Image by Klaus Stiefel. Reproduced under the Creative Commons Attribution-NonCommercial 2.0 Generic License.
Maybe he’s right. Maybe there is something the matter with me. I just don’t see how a world that makes such wonderful things could be bad.
— Ariel, The Little Mermaid
Rosie lays resplendent on a big, flat rock. A little girl approaches her.
“You’re not real!” says the six-year-old.
“Of course I am,” says Rosie, flipping her tail.
The kid tentatively touches Rosie’s lower third. It glitters under the Gold Coast sun. Her eyes light up.
‘You are real!’ confirms the little girl, who wanders off.
Rosie is a real-life mermaid, often spotted diving along the coast of South Australia (and, for a while, in a waterpark). She can hold her breath below the surface for two, three, four minutes at a time. She plumbs the depths, descending as low as she likes, equalising her ears and accepting a lung spasm that would have a landlubber hurtling up toward the sun.
But it’s not scary down there. It’s meditative, being stripped of all sensory stimuli. No traffic lights, air conditioners, cats that run around your house too fast or co-workers opening Coke cans in the next cubicle. Under the sea, all you can hear is your heartbeat. You’re utterly within your body.
Plot twist: Rosie is actually a human woman, not a mermaid, nor a manatee, nor a decorative water feature in a town square. Like the beguiling Sirens of Greek mythology, who’d drown a passing sailor soon as look at him, Rosie is a feminist. Rather than lure you to a watery grave, however, she’ll teach you to freedive – just as she’s schooling her aquatic apprentice, Jaana.
Freediving is the practice of slipping underwater sans snorkel or scuba. It can be competitive or recreational, or both, but it is not an adrenaline sport. Freedivers practice diaphragm breathing, streamline their bodies and hone their aquadynamics. They might reach depths of forty metres or more. “The capabilities of the human body are incredible and freediving is about harnessing that. Letting go of your fears and inhibitions,” says Rosie.
By managing the mammalian diving reflex, the human heart rate can be slowed by twenty-five per cent as blood leaves the fingers and toes, en route to the thoracic organs. As such, some freedivers can stay under water for ten minutes and beyond, making them almost as impressive as a dolphin.

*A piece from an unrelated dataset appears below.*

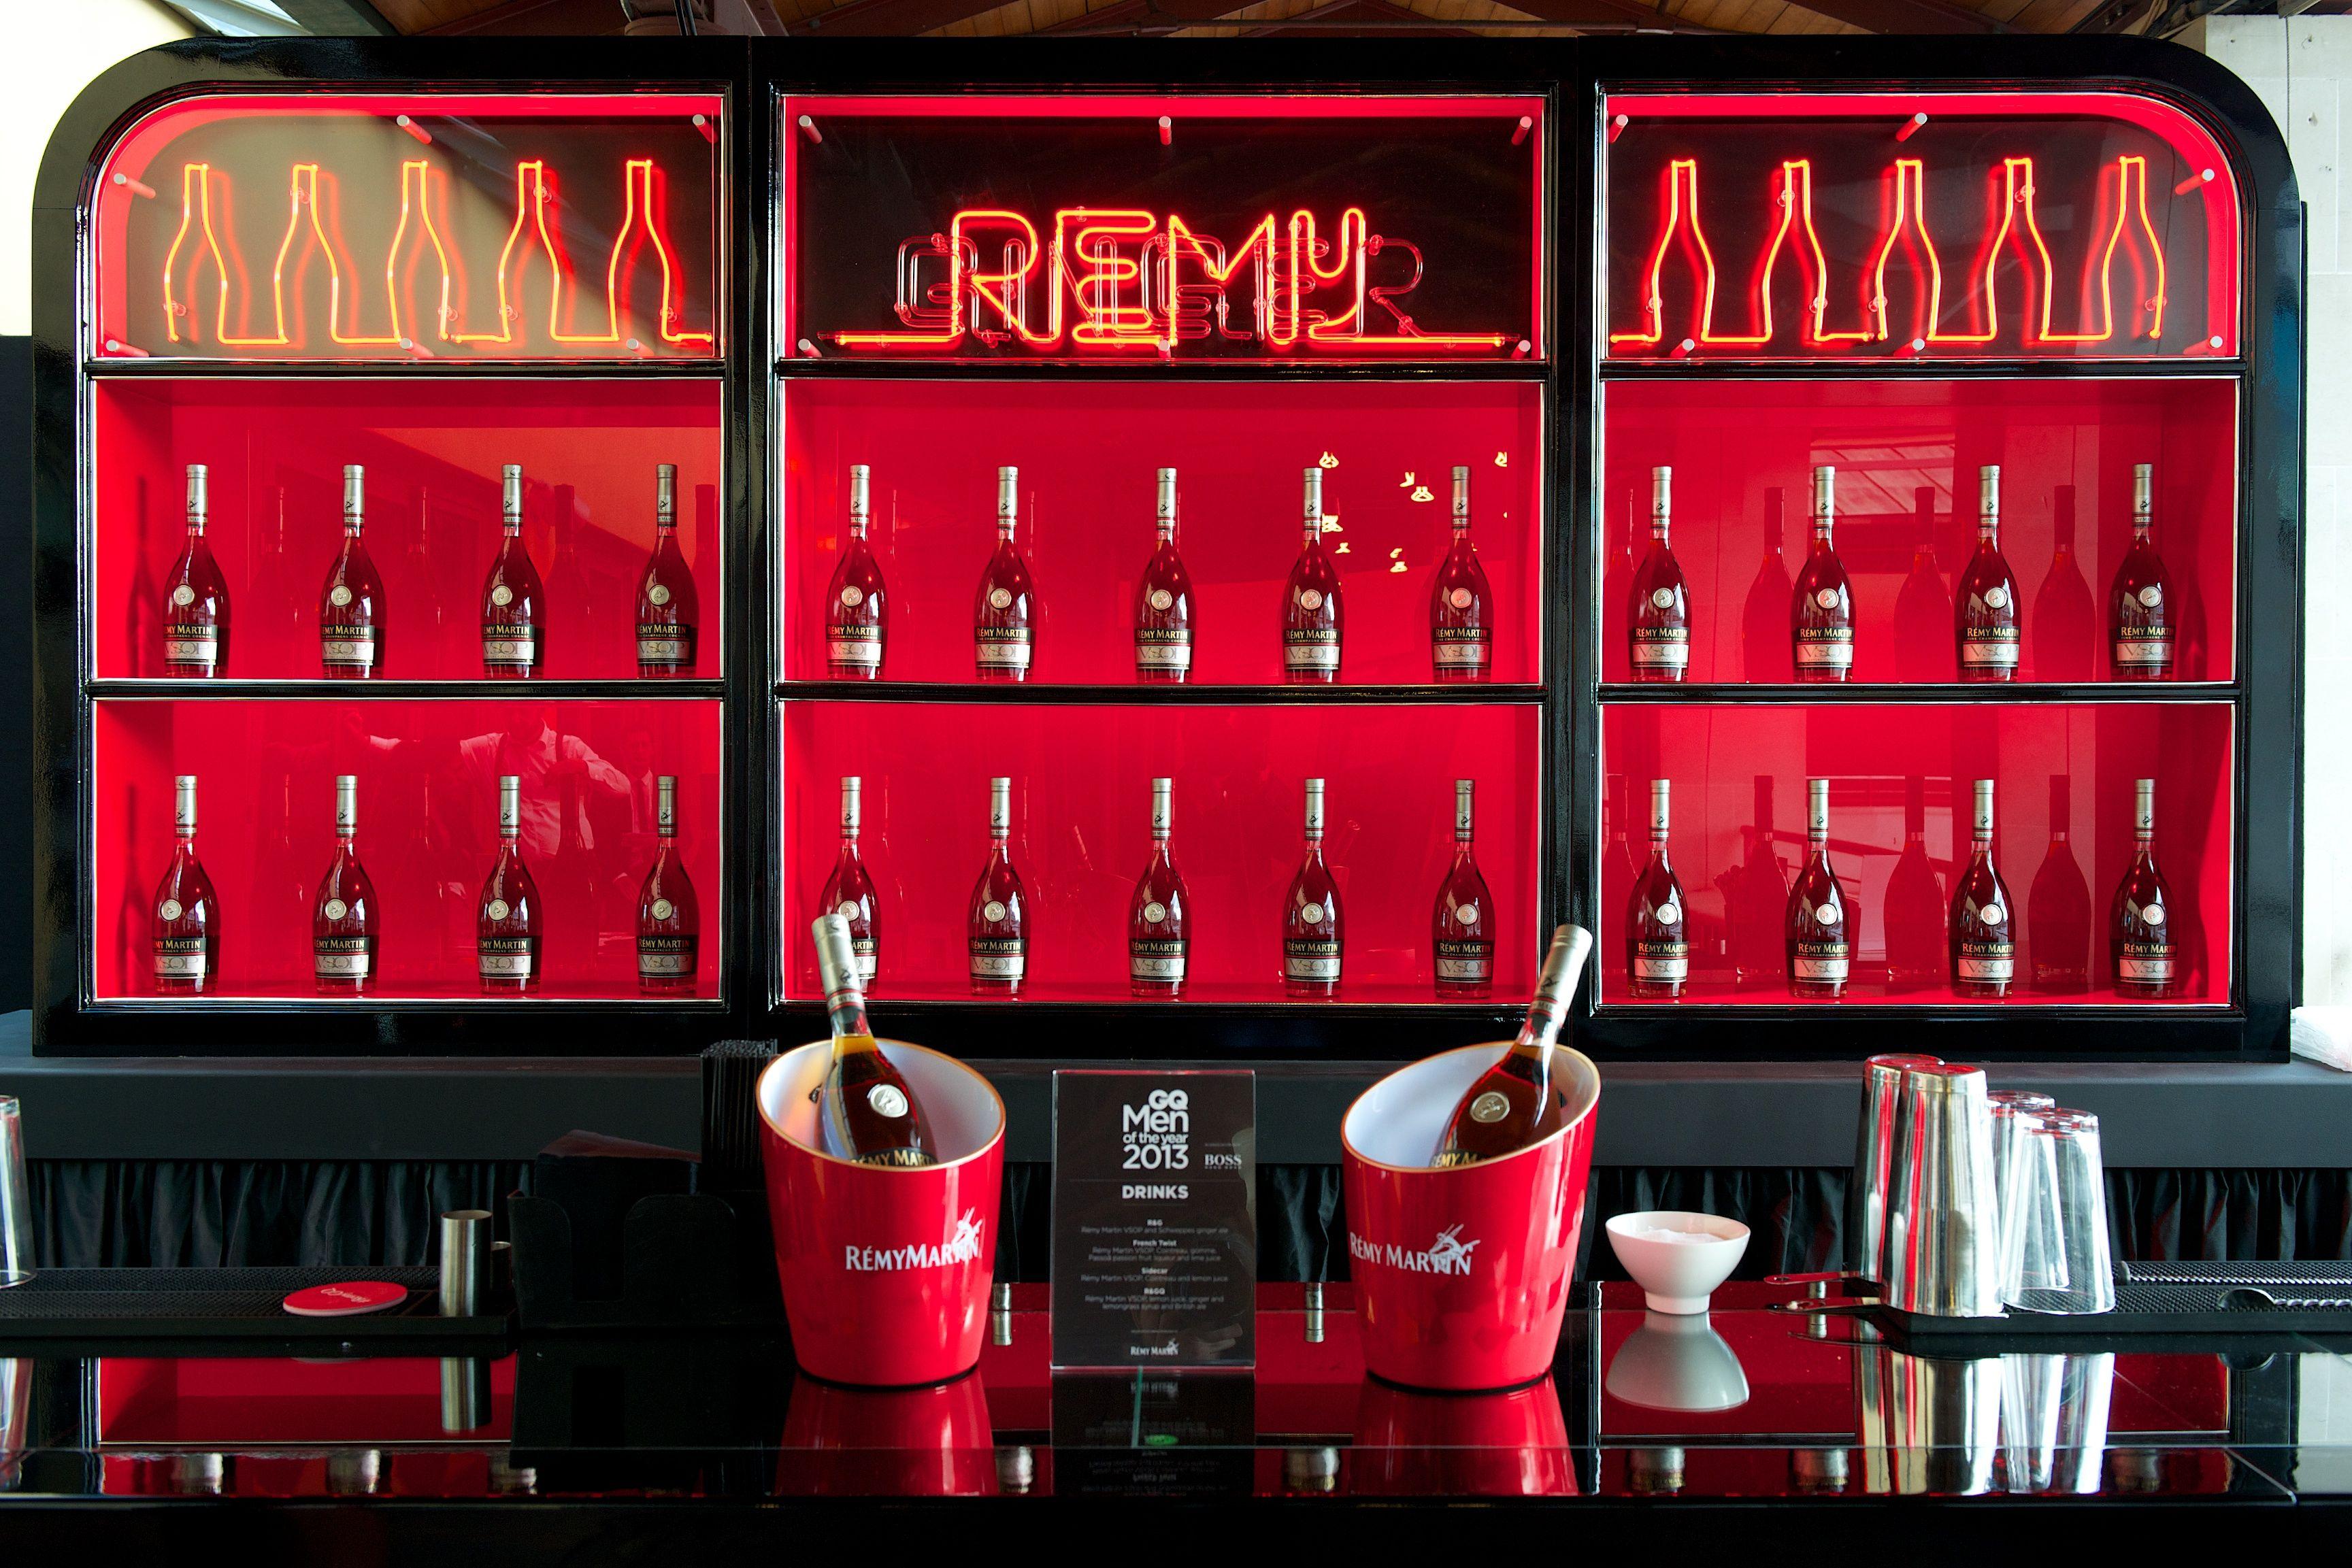 Remy Back Bar Design And Styling By The Honest Group The Gq Awards 2013 Bar Design Restaurant Back Bar Design Bar Displays

“That was my animal of choice when I was growing up,” says Jaana. “They’re so graceful. I always thought they’re so amazing, the way they swim, their tails, streamlined. They’re cute. They felt nice, like a nice animal. That probably came from movies like Flipper, where Flipper helps people and does things for them. I just remember having a really nice feeling about dolphins.”
During Jaana’s youth, there was a wave of cetacean-centric cinema. Free Willy (1993), Zeus and Roxanne (1997), and the great Flipper reboot of 1996. Around this time, Jaana began zealously collecting dolphin paraphernalia – ubiquitous in the bedrooms of bright young women, coming of age in step with the Disney Renaissance. That period of resurgent success for the studio started in 1989 with the release of a film called The Little Mermaid.
Jaana repeatedly watched The Little Mermaid after school at a friend’s house. As the VHS tape rewound, her friend would sit on the toilet, singing “aah aah aaaaaah, aah aah aaaaaah,” like Ariel.
“My interest in the ocean doesn’t stop with mermaids,” says Jaana. “I was the cool kid in the library who used to draw whale tails coming out of the ocean. Everyone thought it was the greatest thing ever and they’d be like, ‘Jaana, can you please draw me a whale tail?’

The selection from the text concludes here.